George was wounded by a gunshot to the right foot on May 5, 1864, at the Wilderness, Virginia, and on May 13 was sent to Armory Square hospital in Washington, DC. According to a statement he made on December 4, 1875, he had been “wounded by minie ball, striking him in the bottom of the right foot near the heel & passing out near the inside ankle joint fracturing the bones of the foot & causing a wound that has never healed entirely on the bottom of his foot or at the ankle joint.” He was subsequently transferred to a hospital in Philadelphia, Pennsylvania on May 26, and was mustered out of service on June 20, 1864; he received pension no. 63,349 in July of 1864.
George eventually returned to Michigan, and married Michigan native Sarah Bradley (1845-1877) at Richmond, Osceola County on September 20, 1868, and they had at least three children: Mabel Valenta (b. 1872), Cora Belle (b. 1875) and Alfred James (b. 1877).
By 1870 George was working as a farmer and living with his wife in Richmond, Osceola County; next door lived George’s brother Franklin and his family. He was possibly living in Livingston County in December of 1875, and in Deerfield, Livingston County in 1877 when his first wife died.

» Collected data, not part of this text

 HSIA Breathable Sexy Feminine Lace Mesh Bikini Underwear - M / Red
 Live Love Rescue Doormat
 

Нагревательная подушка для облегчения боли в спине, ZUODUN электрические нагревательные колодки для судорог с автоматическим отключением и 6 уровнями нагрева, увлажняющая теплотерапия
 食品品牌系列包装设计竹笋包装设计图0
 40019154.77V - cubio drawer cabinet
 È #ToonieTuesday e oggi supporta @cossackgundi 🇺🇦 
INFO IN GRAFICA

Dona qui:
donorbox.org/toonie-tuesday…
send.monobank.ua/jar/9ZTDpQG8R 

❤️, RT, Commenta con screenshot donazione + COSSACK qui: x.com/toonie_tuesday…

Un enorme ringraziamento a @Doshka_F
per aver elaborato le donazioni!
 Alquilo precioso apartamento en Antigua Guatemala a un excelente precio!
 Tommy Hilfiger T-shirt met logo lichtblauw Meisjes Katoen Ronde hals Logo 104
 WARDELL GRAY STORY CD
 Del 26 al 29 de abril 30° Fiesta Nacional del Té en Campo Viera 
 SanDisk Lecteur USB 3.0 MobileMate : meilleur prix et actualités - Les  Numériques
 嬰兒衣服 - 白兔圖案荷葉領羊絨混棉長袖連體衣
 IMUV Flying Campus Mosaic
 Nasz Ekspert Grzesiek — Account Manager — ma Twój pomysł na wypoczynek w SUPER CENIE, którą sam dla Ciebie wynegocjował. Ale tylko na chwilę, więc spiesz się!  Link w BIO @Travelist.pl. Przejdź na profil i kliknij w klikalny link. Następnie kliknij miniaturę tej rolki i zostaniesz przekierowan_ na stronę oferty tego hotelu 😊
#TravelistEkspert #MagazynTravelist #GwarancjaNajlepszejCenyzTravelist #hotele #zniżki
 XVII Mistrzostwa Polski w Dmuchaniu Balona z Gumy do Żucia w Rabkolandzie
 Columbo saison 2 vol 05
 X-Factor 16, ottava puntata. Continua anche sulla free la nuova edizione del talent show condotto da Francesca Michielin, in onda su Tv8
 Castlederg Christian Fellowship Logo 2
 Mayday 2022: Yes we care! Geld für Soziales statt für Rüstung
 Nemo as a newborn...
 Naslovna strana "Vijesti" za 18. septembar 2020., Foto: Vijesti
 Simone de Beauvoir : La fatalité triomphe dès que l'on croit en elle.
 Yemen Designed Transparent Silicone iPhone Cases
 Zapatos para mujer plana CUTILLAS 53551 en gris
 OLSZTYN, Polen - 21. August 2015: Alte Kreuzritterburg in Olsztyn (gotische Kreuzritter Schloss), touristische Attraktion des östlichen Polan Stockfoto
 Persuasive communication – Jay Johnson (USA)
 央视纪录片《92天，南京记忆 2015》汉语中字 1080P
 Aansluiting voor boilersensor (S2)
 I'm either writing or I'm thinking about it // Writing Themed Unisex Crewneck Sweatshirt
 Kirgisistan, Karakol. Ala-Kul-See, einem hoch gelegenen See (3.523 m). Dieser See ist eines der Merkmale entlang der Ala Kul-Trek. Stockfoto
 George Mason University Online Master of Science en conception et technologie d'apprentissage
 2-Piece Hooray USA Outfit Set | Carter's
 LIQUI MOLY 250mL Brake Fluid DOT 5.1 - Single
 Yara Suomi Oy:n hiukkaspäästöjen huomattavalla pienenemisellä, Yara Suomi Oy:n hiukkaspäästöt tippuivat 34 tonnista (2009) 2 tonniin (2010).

He eventually moved to Damascus (?), Oregon and married a woman named Mrs. Bills sometime in the 1880s in Portland, Oregon, and they eventually divorced. He was still living in Oregon in 1900 and resided in the Damascus area for some years before moving to southern California. By 1915 he was living in San Pedro, California.
George married his third wife, Fannie McCully (d. 1921), on June 24, 1908; she had apparently been married at least three times before. (In 1920 there was one George Lemon married to Illinois native Mehitable and living in San Pedro.) By 1921 George was living in Long Beach, California.
George was residing at 223 1/2 Elm Avenue in Long Beach in October of 1922 when he applied for an increase in his pension, claiming that his right leg was “off at midway between my ankle & knee.”
By December of 1923 he was in such a bad way that he sent for his son Fred who was living in Salem, Oregon to come and get him, and George was living with his son in Oregon when, according to his pension records, sometime in April of 1923 he suffered a stroke and was confined to his bed unable to feed or take care of himself.
He was still an invalid by the end of the year, and he died in Salem, Oregon, presumably at the home of his son, on September 6, 1925, and was probably buried in Salem.